▸ **WORK TO BE COMPLETED**: Give all of the data below again exactly, and drop the images.

▸ **DATA EXCERPT**:
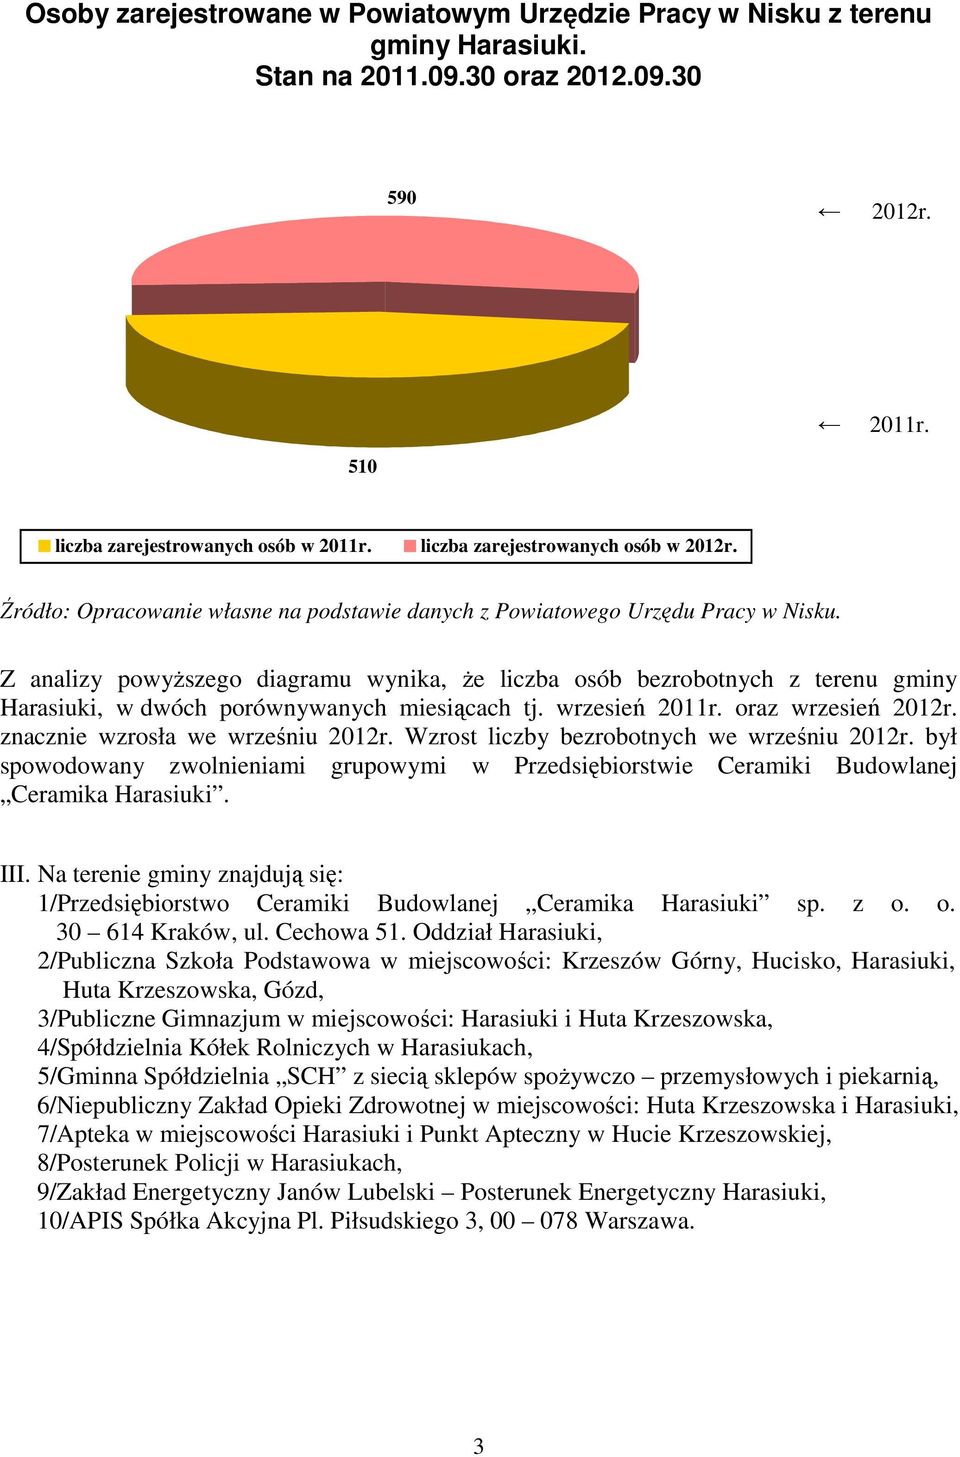 Z analizy powyższego diagramu wynika, że liczba osób bezrobotnych z terenu gminy Harasiuki, w dwóch porównywanych miesiącach tj. wrzesień 2011r. oraz wrzesień 2012r.
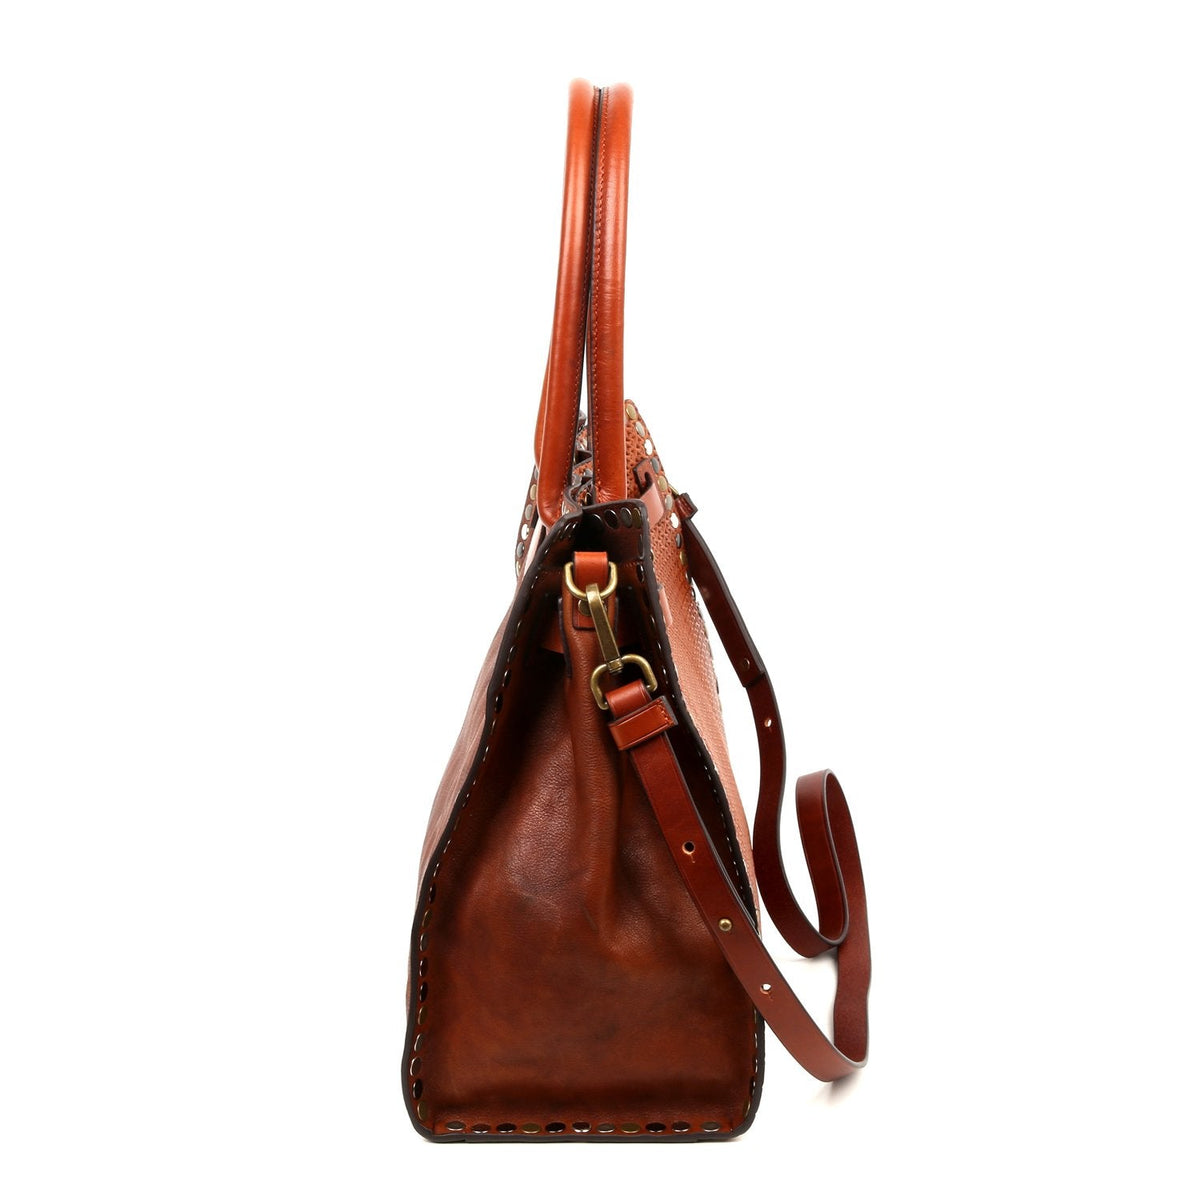 Bags & Luggage - Women's Bags - Top-Handle Bags Westland Satchel
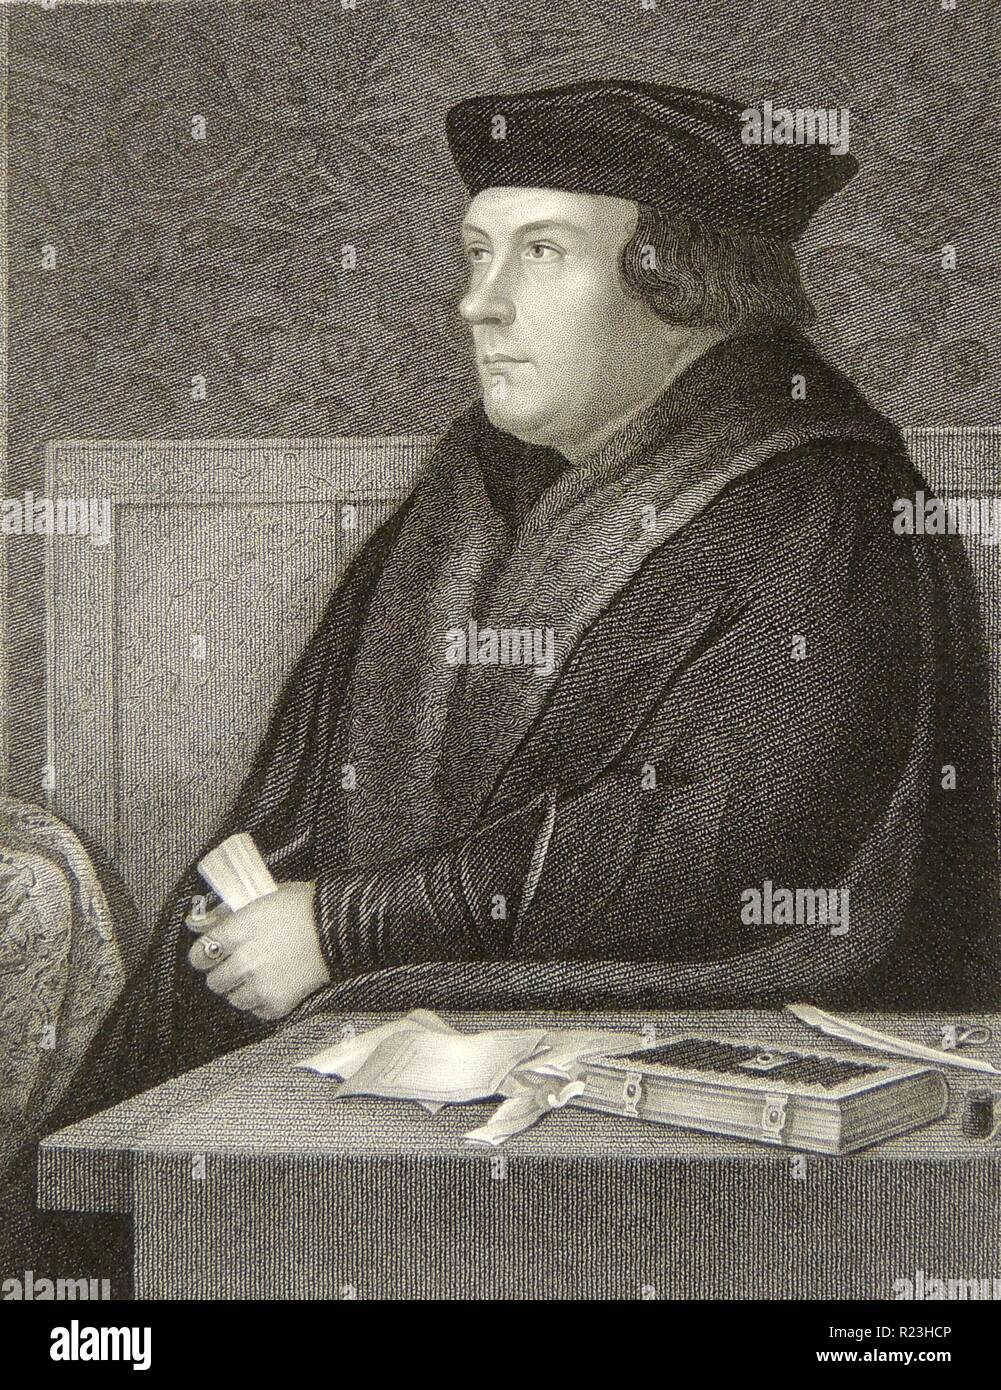 Thomas Cromwell (c) 1485-1540. Leitender Berater Heinrich VIII. Der Finanzminister von 1533. Verlorene Gnade über die Ehe des Königs Anna von Kleve, auf den Turm gesendet und ausgeführt. Stockfoto

▸ **WORKED SOLUTION**:
 Z analizy powyższego diagramu wynika, że liczba osób bezrobotnych z terenu gminy Harasiuki, w dwóch porównywanych miesiącach tj. wrzesień 2011r. oraz wrzesień 2012r.
 Bags & Luggage - Women's Bags - Top-Handle Bags Westland Satchel
 Thomas Cromwell (c) 1485-1540. Leitender Berater Heinrich VIII. Der Finanzminister von 1533. Verlorene Gnade über die Ehe des Königs Anna von Kleve, auf den Turm gesendet und ausgeführt. Stockfoto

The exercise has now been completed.